As some of you may know, I am currently an English and Secondary Education major. My ultimate goal is to become a high school English teacher.
I have always had a love of books. My mom worked to get me to start reading before I was even in kindergarten, and I could read a few short children's books on my own at that point. As I worked my way through school, I had a few teachers who nutured that love of books. The librarian would let me check out books from a section with a higher reading level, even though she generally looked down upon this. My second grade teacher read us a few chapters from various books each day, to calm us down after recess. My fourth grade class had BookIt!, with which you could get free pizza from pizza hut just for reading a certain amount of books in a set period of time. In middle school, I was able to take a class solely devoted to reading and found myself working with books, thinking about them and analyzing them, in ways I never had attempted before. Through high school, I read the classics and a few up-and-coming novels that really got me thinking about the world and how it works. Books have always guided me, and I've found that comforting.

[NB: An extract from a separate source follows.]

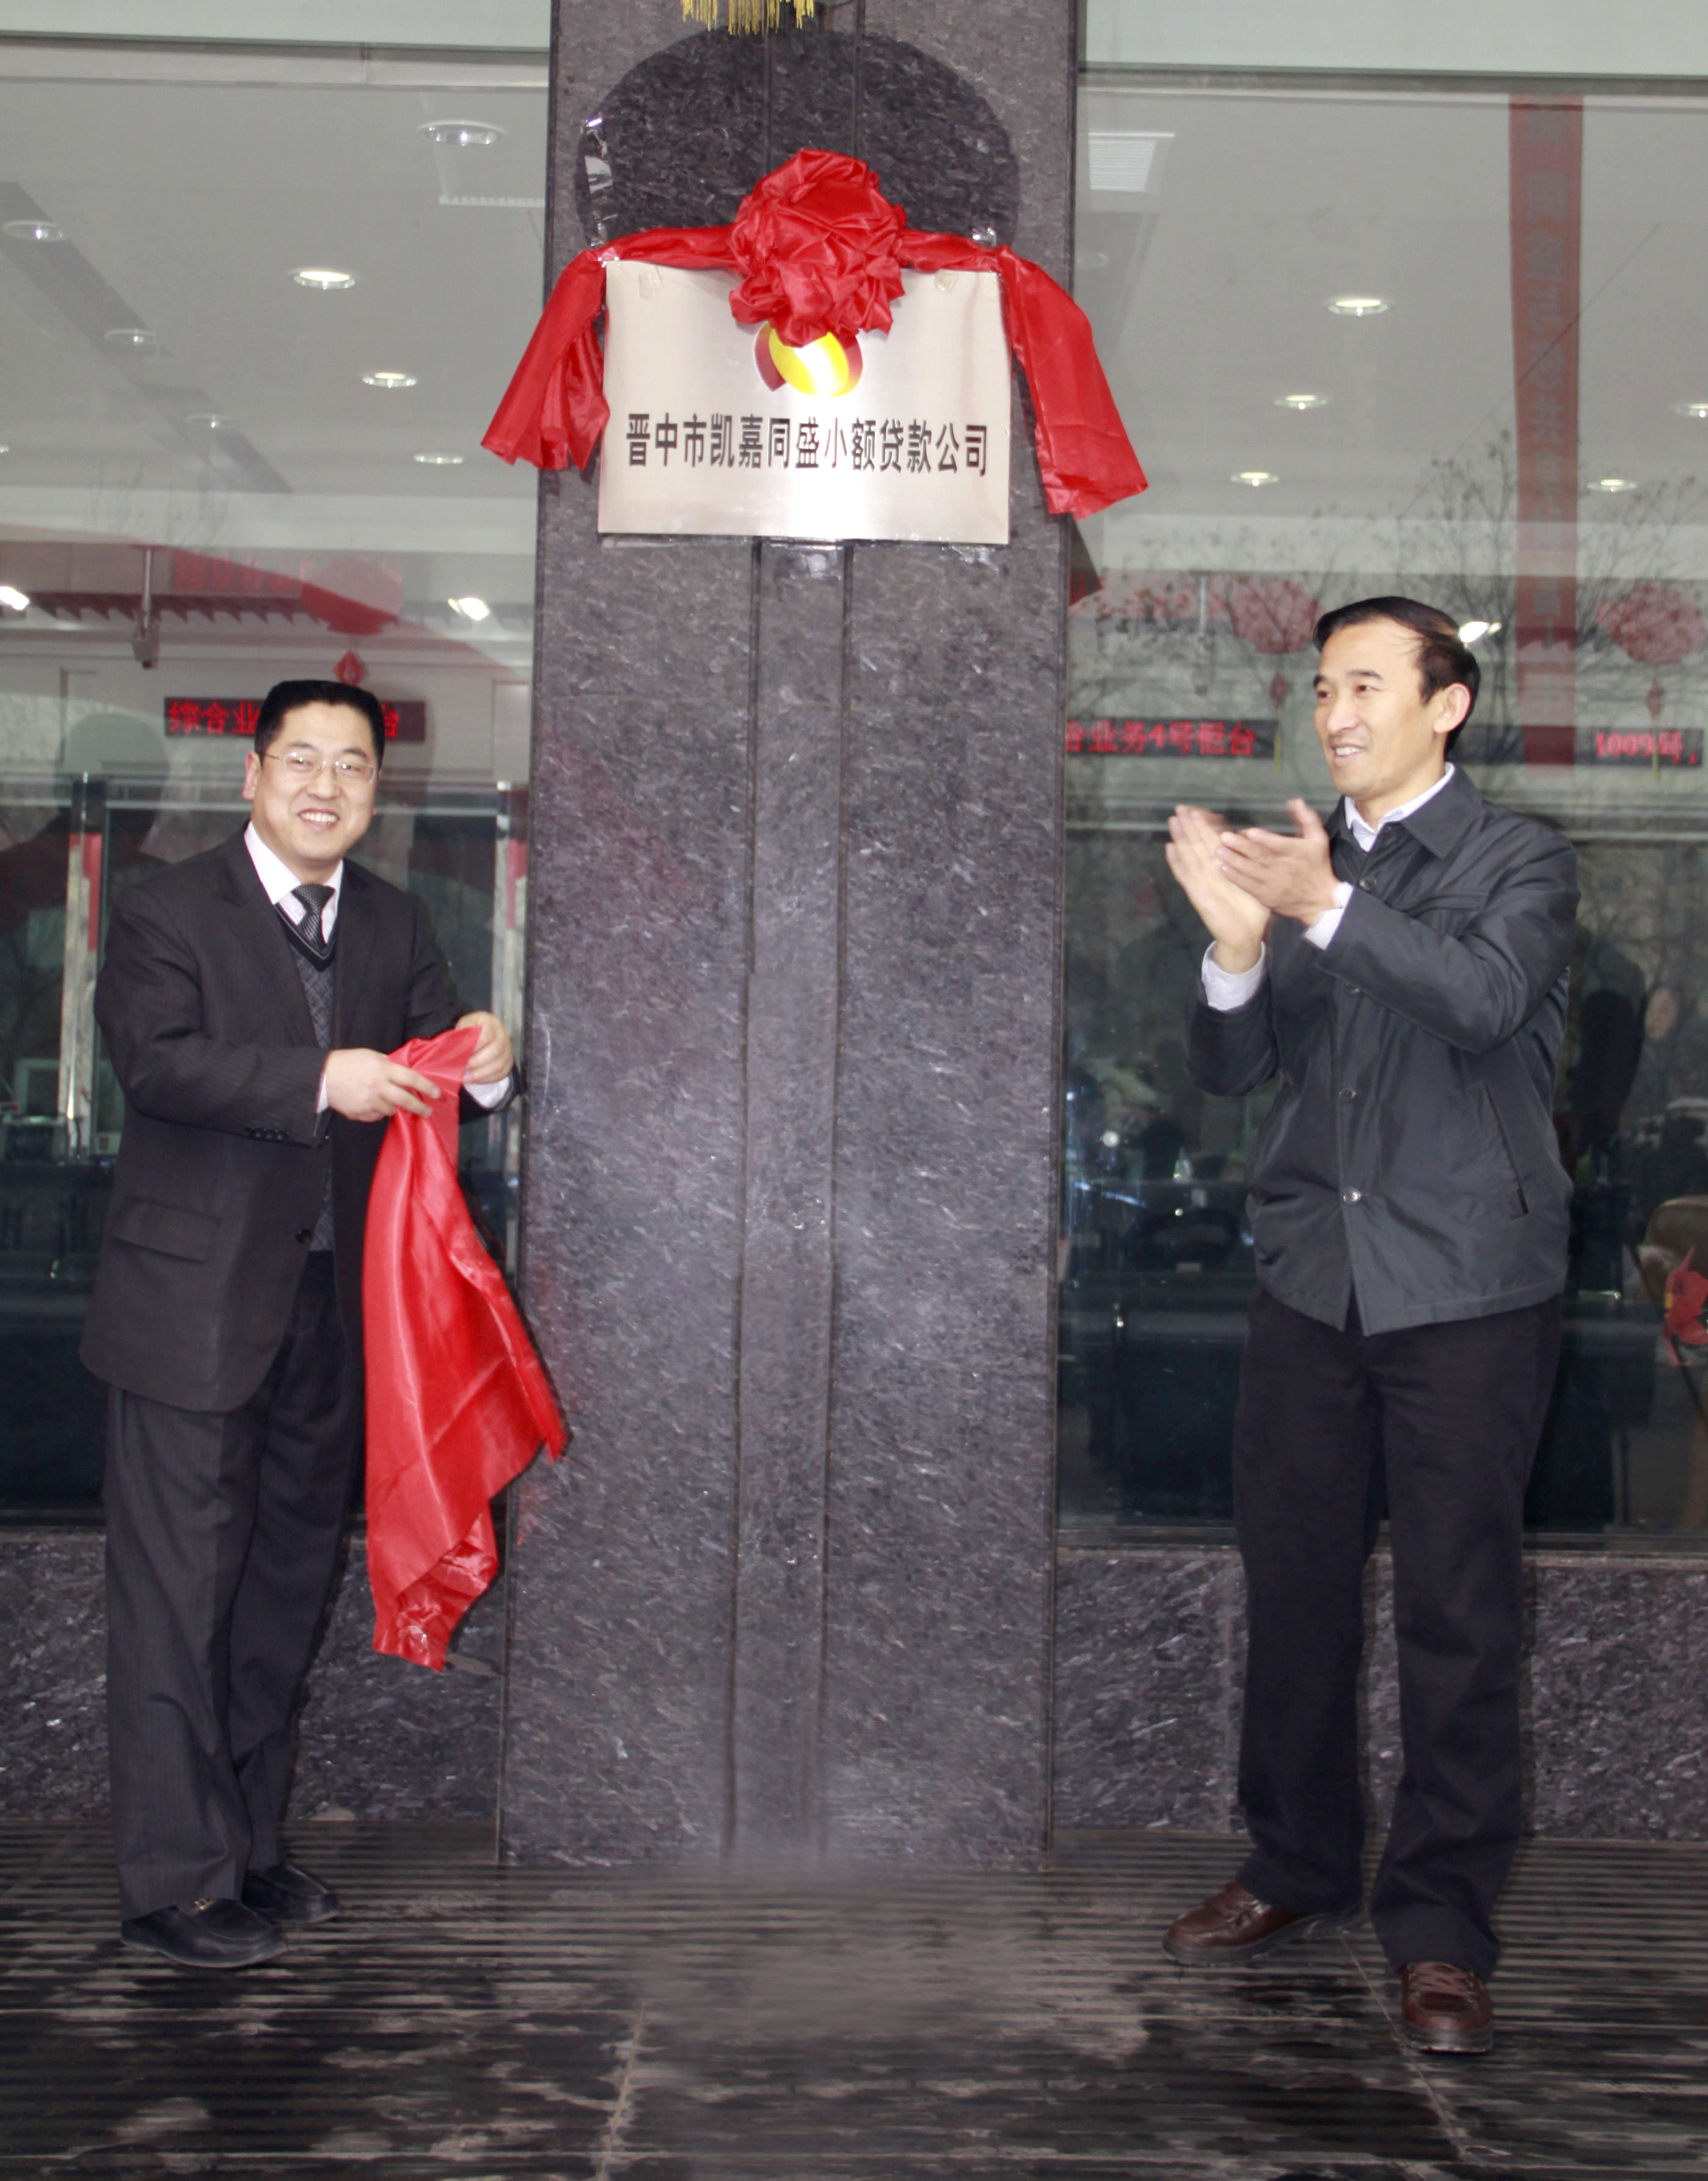 （25）2011年12月6日，晉中市凱嘉同盛小額貸款有限公司成立

It's been the same way with writing. As evident with this blog, I love to write just for the heck of it. I don't ever need to be a published author making money, as long as I have somewhere I can express myself with words.
When it came time for college, I had to settle down and decide what direction I wanted my life to take. It was almost effortless. I knew I wanted a job where I could share my passion with others, where I could possibly inspire another to find a love with books similar to mine. Teaching offered this. Hence, I went forth down the educational track.
Now, though, as I sit in college classes reading Beowulf, Native American creation literature and adolescent lit, like Twilight and Speak, I wonder if this career path is going to be as rewarding as I hoped. I see others pursuing degrees in Engineering, in Medicine, in Law, in Criminal Justice, all careers that will offer a direct impact on the outside world.
With English, there's not much room for an impact. Literary canon hasn't changed for years, aside from a few modern works being incorporated in with curriculum. Reading books isn't going to make daily life easier for the average American, as engineering would. I'm not going to be saving a life, as a doctor might. I'm not making the streets any less full of crime.
I'm beginning to wonder why, if I have always wanted to impact someone or something's life, did I not choose a career where this impact would be certain.
Because making a teenager love books in an age when information is available in just minutes via television, video and the internet is going to be a difficult task.
I don't think I will ever change majors or switch my plans. I'm just going to have to work that much harder at the task I've set myself to and hope that I fulfill my original intentions.
And still, after all this thought on the subject, I know I will be happiest spending my days reading and writing, and I suppose that is the most important thing. If I, myself, am not happy, I can't expect to do much good for others anyway, regardless of any degree I may have obtained, so I'll just keep going with my instinct here.